The current recession is bound to further compromise our public finances substantially. This will partly be due to the $3 trillion economic support program that Congress has enacted to cushion the economic impact of the epidemic. It will also be partly due to the large fall in tax revenues that will accompany the economic slump.

According to the nonpartisan Congressional Budget Office, the net result will be that our budget deficit will balloon to a record 18% of GDP in 2020 and will remain at around 10% of GDP in 2021. As a result, the public debt-to-GDP ratio will skyrocket from less than 80% prior to the crisis to almost 110% of GDP by the end of 2021. This situation could be appreciably worse if the government is forced to provide public support to state pension schemes whose unfunded liabilities will have soared as the stock market swooned and as the Federal Reserve reduced interest rates to their zero bound.

Coping with this debt mountain will pose a considerable challenge to policymakers in a post-coronavirus world. This will especially be the case if there continues to be no real political constituency for sound public finances. It might mean that we will have to resort to the same sort of financial-market repression of artificially low interest rates that followed the large public debt buildup of the Second World War.
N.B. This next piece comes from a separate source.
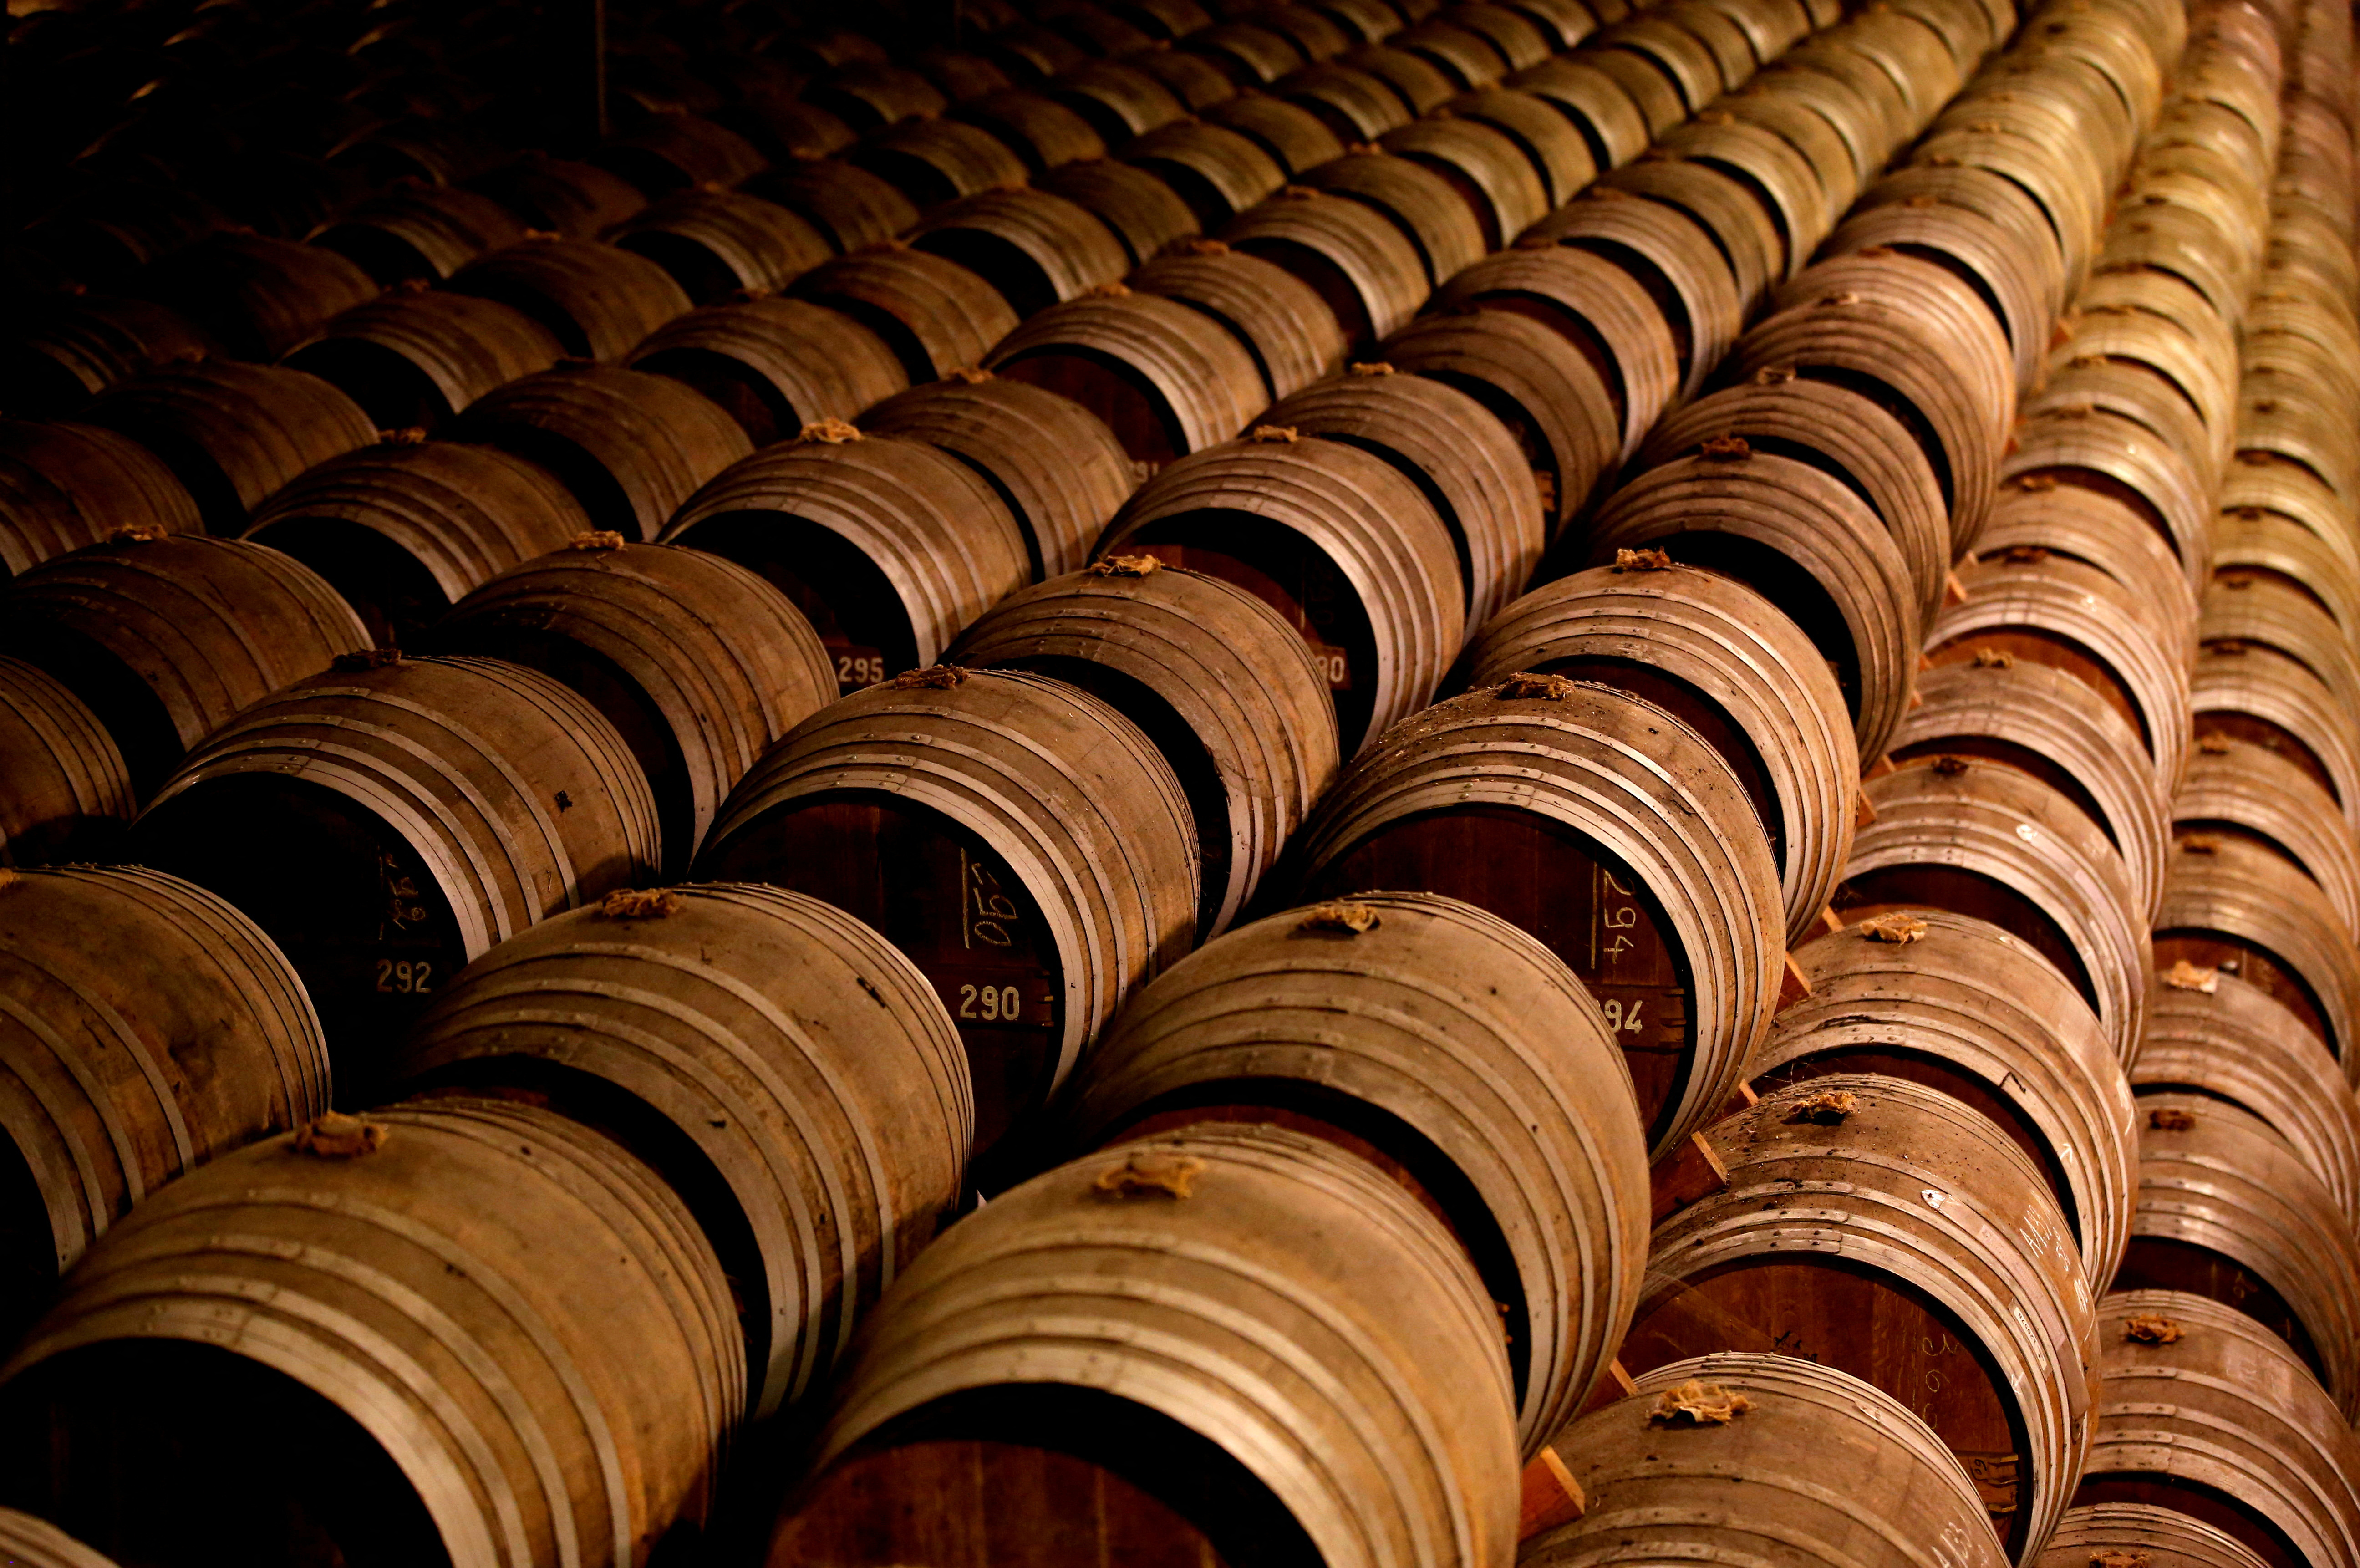 Oak barrels are stored in a cellar used for storing rare and old cognac at the Remy Martin factory in Cognac

Worse yet, the large debt buildup could be setting us up for a period of inflation once the economy recovers, especially if there remains no appetite for budget belt-tightening.

What will be the political fallout of all this? Massive global economic dislocations have normally been followed by major changes in the political landscape both at home and abroad. This was certainly true of the Great Depression, which gave rise to the New Deal and to the turbulent international politics of the 1930s. It was also true of the Great Recession, which over the past decade gave rise to a wave of populism, nationalism, and xenophobia, not only in the U.S., but also across Europe and South America.

The severity of the current economic recession and the prospect that unemployment will remain elevated for a number of years are likely to provide a fertile breeding ground for populists on both the far-Right and the far-Left. That, in turn, is unlikely to be conducive to the restoration of a bipartisan approach to solving the nation’s daunting post-coronavirus economic challenges or to rebuilding a constituency for sound public finances.

Equally troubling, the global coronavirus-induced recession could be the prelude to a further souring in international economic relations and to a breakdown in international economic cooperation. Already before the pandemic began, the U.S. appeared to have abrogated its long-standing international economic leadership role by choosing to pursue an America First approach to international economic issues. Judging by U.S.-China tensions over the origins of the coronavirus epidemic, there would seem to be the real danger that the world’s two largest economies will choose to turn inward, much as countries did in the aftermath of the Great Depression.

Hopefully, the world’s economic policymakers will recall how destructive to domestic and world prosperity the undisciplined economic policies at home and the breakdown in international economic cooperation were in the 1930s. Maybe then we can hope that the present coronavirus-induced global recession will not be the forerunner of a lost economic decade — for the United States and the world.

Desmond Lachman is a resident fellow at the American Enterprise Institute. He was formerly a deputy director in the International Monetary Fund’s Policy Development and Review Department and the chief emerging market economic strategist at Salomon Smith Barney.